The detection mark of the present invention can be provided on a limited portion of the image-receiving sheet or in a pattern form on the image-receiving sheet. Specifically, the detection mark may be provided on a limited area, of the image-receiving sheet, such as one end or periphery of the image-receiving sheet. If the detection mark, which, when used in an overhead projector, is slightly visually perceived, is an eyesore, preferably, the detection mark is provided in an area other than the image-forming area. Further, the detection mark according to the present invention may be provided in a pattern form. Specific examples of the form of patterns includes stripes, circles, ellipses, triangles, and bar codes having a specified size.

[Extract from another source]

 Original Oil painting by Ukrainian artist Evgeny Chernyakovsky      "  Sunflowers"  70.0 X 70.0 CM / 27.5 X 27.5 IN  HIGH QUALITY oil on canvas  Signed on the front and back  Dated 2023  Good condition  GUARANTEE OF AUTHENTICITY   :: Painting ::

Further, the detection mark according to the present invention may be provided by printing on one side or both sides of the image-receiving sheet, that is, on the receptive layer side or backside layer side of the substrate, on the substrate per se, or the outermost surface of the image-receiving sheet. That is, the detection mark may be printed on one side or both sides of the image-receiving sheet by conventional printing means, such as gravure printing, screen printing, or letterpress printing, and drying the print. For the detection mark, a coverage of 1 to 5 μm on a dry basis suffices for satisfactory properties.

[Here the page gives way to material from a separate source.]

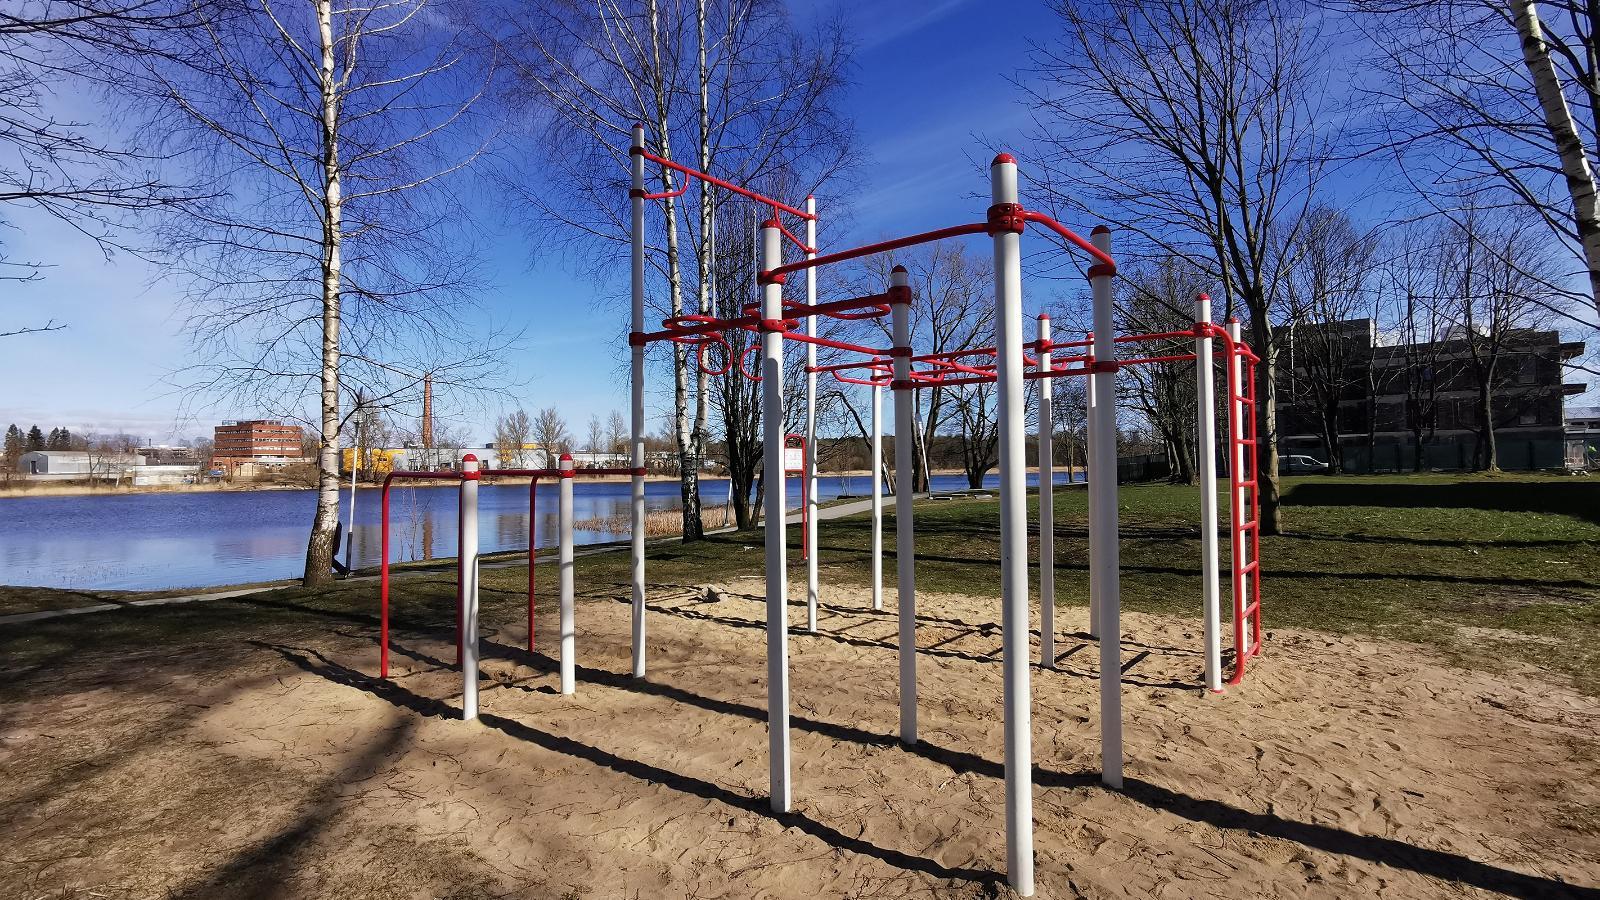 Jaanson’s Track outdoor gym

The following examples further illustrate the present invention. In the following description, all "parts" or "%" are by weight unless otherwise specified.

coated on one side of a 75 μm-thick polyethylene terephthalate film as a substrate by reverse roll coating using a gravure plate to a thickness of 3 μm on a dry basis. A coating liquid 1, for a detection mark, having the following composition was gravure-printed on the receptive layer in its position corresponding to the corner of an image-receiving sheet to provide a detection mark having a thickness of 2 μm on a dry basis, thereby preparing an image-receiving sheet of Example 1.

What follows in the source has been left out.